Marie Osmond sings farewell to suicide son
Singer Marie Osmond returned to the stage the day after her suicide son’s funeral, dressed as an angel to dedicate a song to him.
She told the Las Vegas Strip that she has relied on her spirituality to cope with the death of 18-year-old Michael Bryan.
“Little did I know I would be relying on my faith, especially as much as I did this past week,” Osmond said.
Wrapped in a robe with white feathers that resembled an angel’s wings, Osmond genuflected and reached out her right hand as she sang the song amid a starry backdrop.
“How she got through that I will never know,” her brother Donny said after his sister’s solo performance.
“I hope you all appreciate what she’s going through tonight,” he said. “She’s a strong woman.”
The Osmonds’ teary return to the Flamingo Las Vegas on Tuesday came one day after funeral services for Bryan in Provo, Utah.
Donny Osmond described his sister as strong for simply showing up.
“I just think that we need to give a big round of applause to my sister for even coming onstage tonight,” he said after the siblings’ opening number.
“Don’t do that – I’m going to have to leave,” Marie Osmond quipped as the crowd roared in support.
“God bless you all,” she said. “The way Osmonds survive is we keep singing and that’s what we want to do tonight. I know my son would want that.”
The Donny & Marie show resumed before an eager audience that was overwhelmingly supportive of Marie’s songs and jokes, as well as a dance-off against her brother, last season’s winner of TV’s “Dancing With the Stars.”
Their sibling banter was not spared as they ribbed one another – and themselves - throughout the show about their ages, voices and fitness.
“Thank you, papers, for putting in that I’m 50,” Marie Osmond said. “The female F-word – ’50.”’
Police in Los Angeles have said Bryan died February 26 after jumping from the eighth floor of an apartment building. He left a note but the contents have not been revealed.

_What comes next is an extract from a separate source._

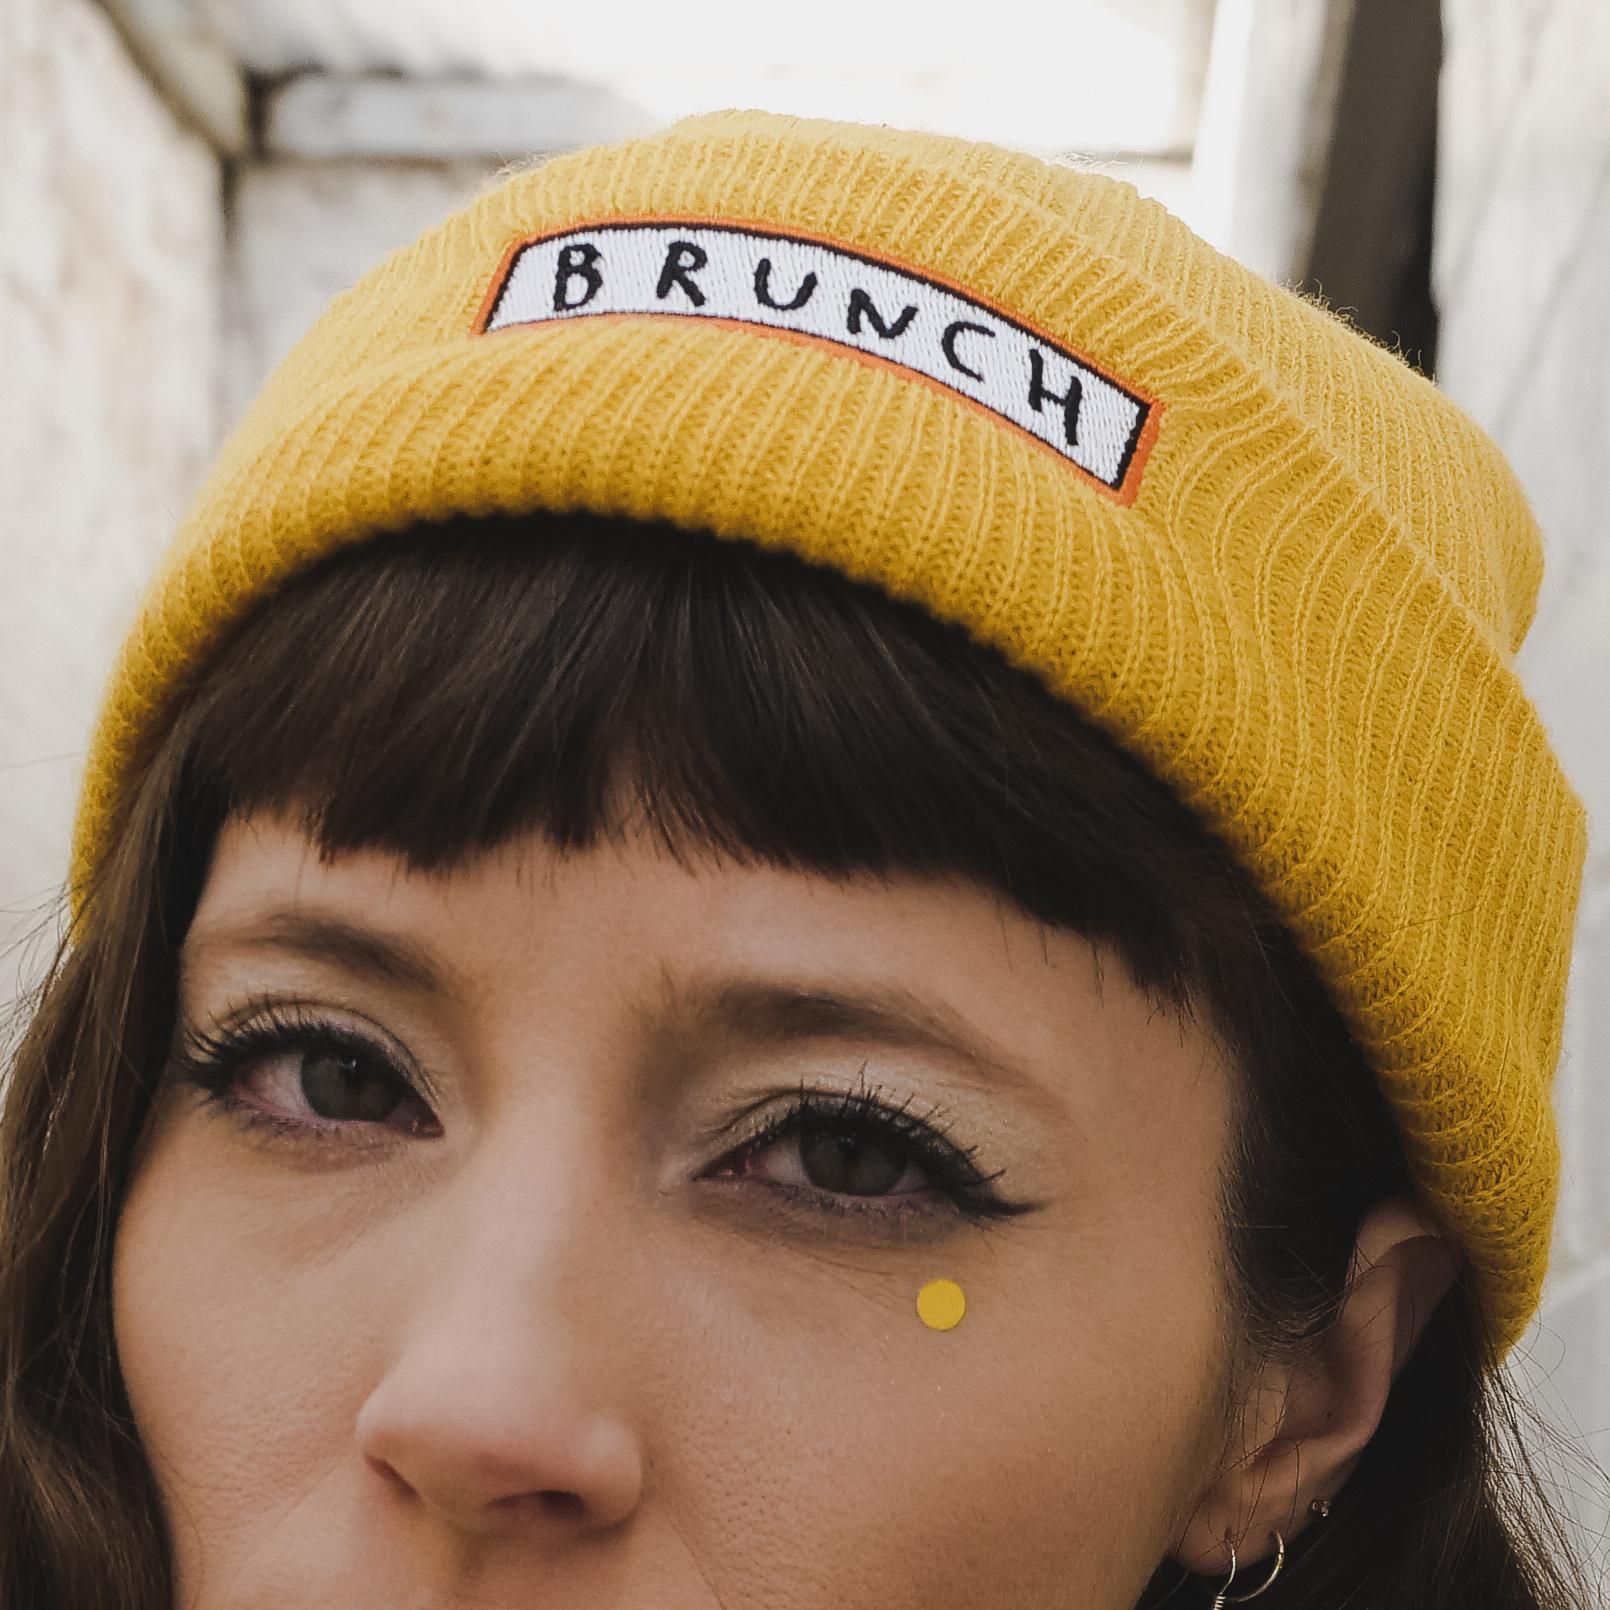 Brunch Mustard Girl.jpg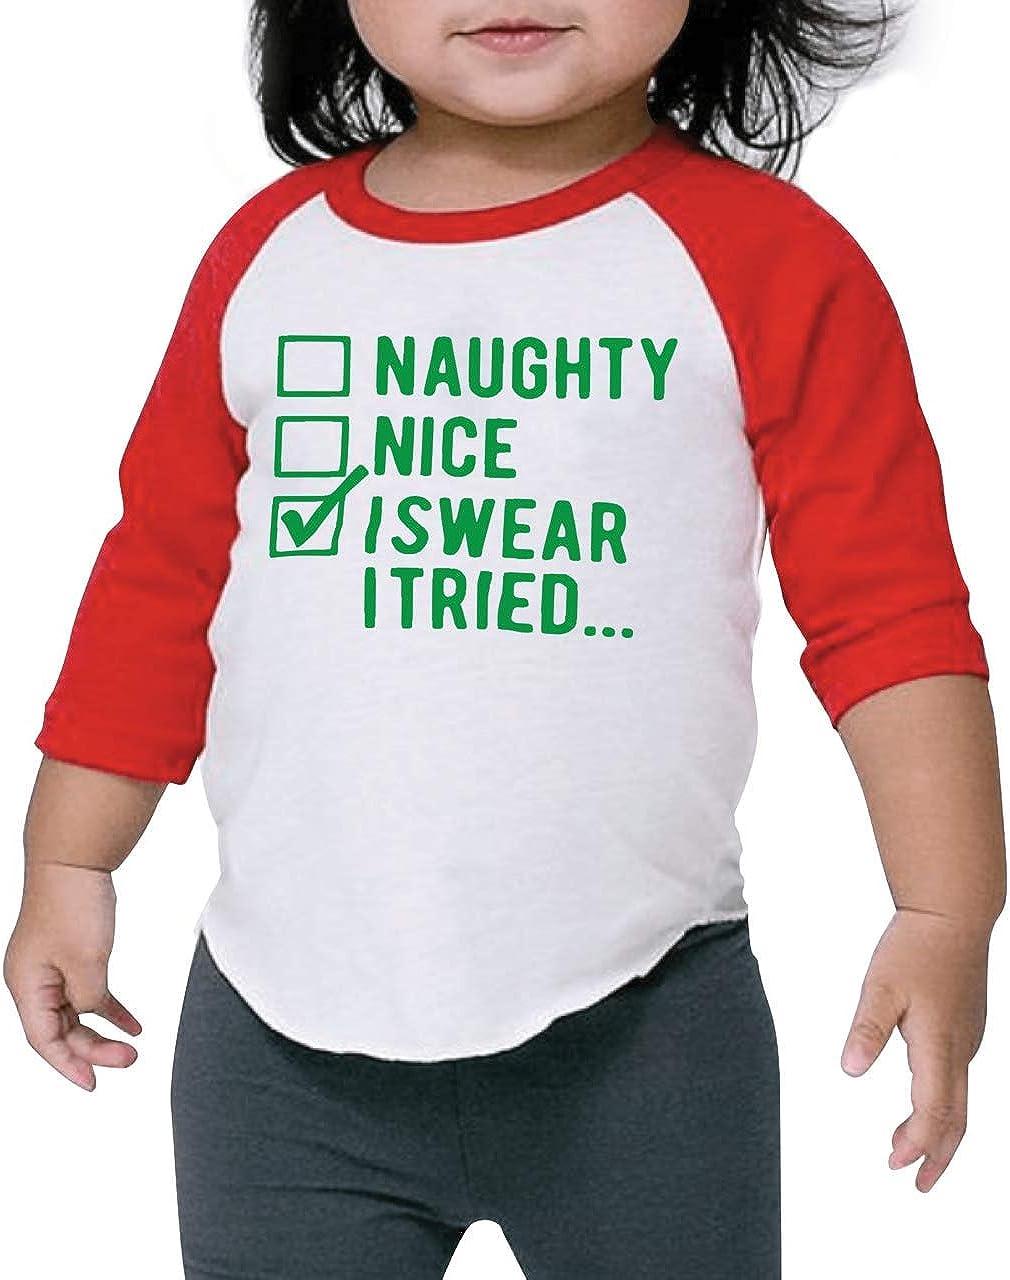 Kids Christmas Shirt for Boys and Girls, Naughty or Nice

Bryan previously used his adoptive father’s last name, Blosil, but Utah court records show his name was legally changed.
At the end of the Osmonds’ sentimental return, Marie Osmond cried as she struggled to sing her last line.
“May God keep you in his tender care,” Donny Osmond sang, before telling his sister: “You don’t have to sing this part.”
“’Til he brings us together again,” she sang.